We arrived at the reserve at 2 pm and had our first safari at 3:30, so basically had time to get checked in check out our “tent.” By tent, I mean glamping on steroids. Huge space, our own pool, claw tooth tub and a big shower, double vanity…seriously, we are not roughing it.
Anyways, we hit the ground running, as it were, sunscreened and bug sprayed. This area is grassy with dense underbrush, so it is not easy to see animals. It is winter here, so some of the trees have lost their leaves, but the challenge remains. Also, many of the larger animals are spread out. We still managed to see quite a bit this first afternoon/evening.
There are impala everywhere. They are like antelope and stay in groups for safety. They form harem groups with a single male and large groups of females, so you also find groups of males that have no harems.


We came across a bull African bush elephant. He was busy snacking around a tree. These are the largest land mammals and they are quite impressive.

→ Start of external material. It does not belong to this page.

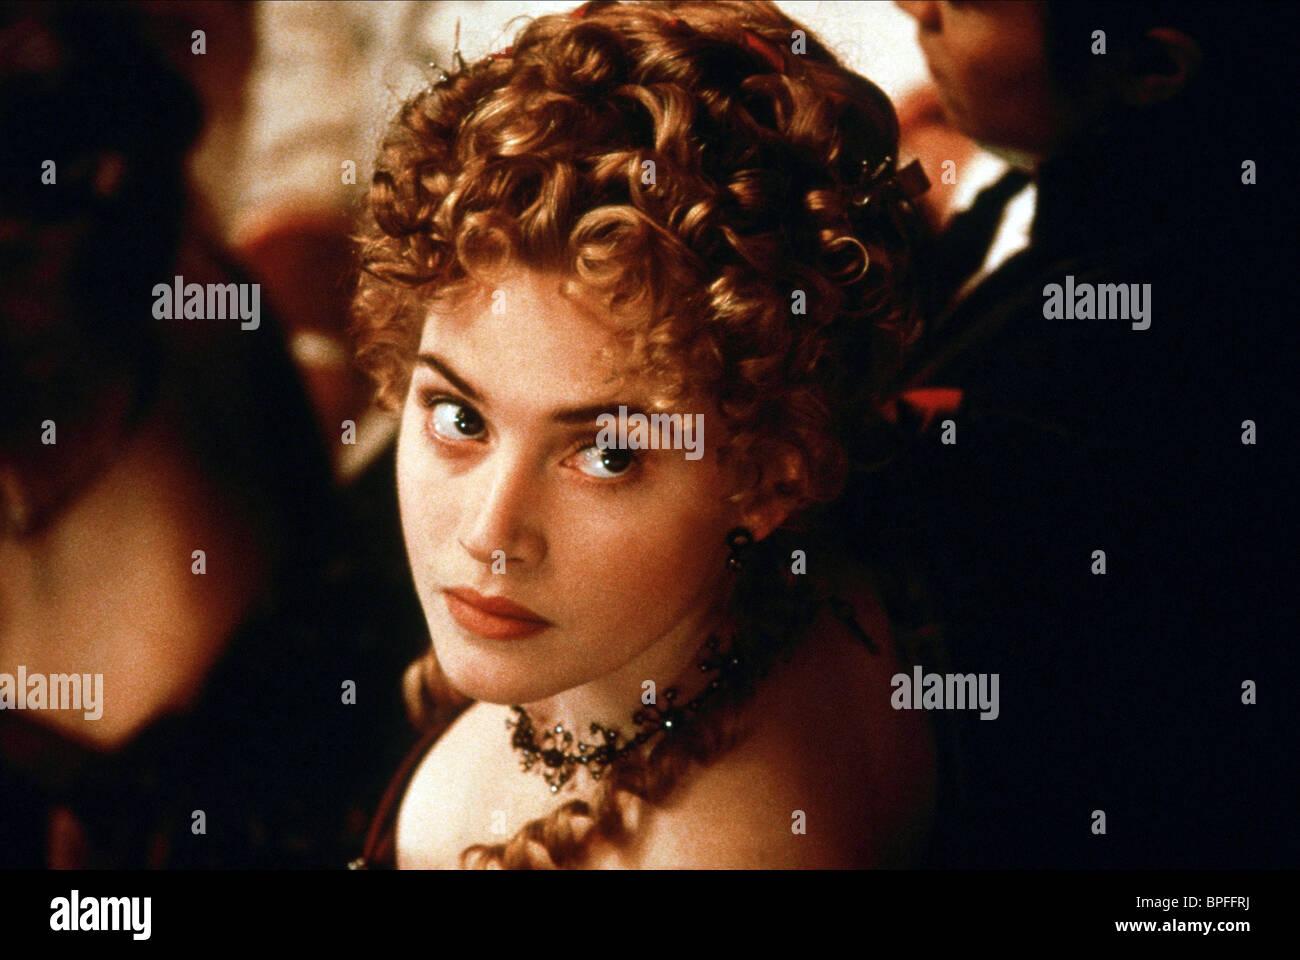 KATE WINSLET HAMLET (1996) - Stock Image

We saw both a southern yellow-billed hornbill and a southern red-billed hornbill. The yellow-billed hornbills are all over the place and a pretty cute. They feed on the ground, so they are often hopping around.


A tawny eagle landed close enough for pictures with the telephoto. These have a breeding range that goes all the way up to India.

A steenbok attempted to hide from us in the grasses. These are 16-24 inch tall deer-like animals. If hiding in the grasses does not work, they run in a zig-zag pattern to avoid predators.


A magpie shrike was kind enough to pose long enough for me to take a picture. These perch up high to search for food.

Our huge find of the day was a group of southern white rhinoceros. Groups of rhinos are called crashes. White rhinos were endangered, but have largely recovered. They are continually threatened by poachers. The rhinos at this reserve are de-horned to discourage poachers, since that is usually what they are killed for. A couple in this group we saw had not been de-horned yet.






In the dark we found an African civet. This is a small mammal with a masked face, like a raccoon. It is nocturnal and carnivorous.

We saw multiple other things that I did not get good (or any) pictures of, such as a vervet monkey, zebra, crested barbet, and a crested francolin.
We ended the day with an elephant road block on the way back to the lodge for dinner.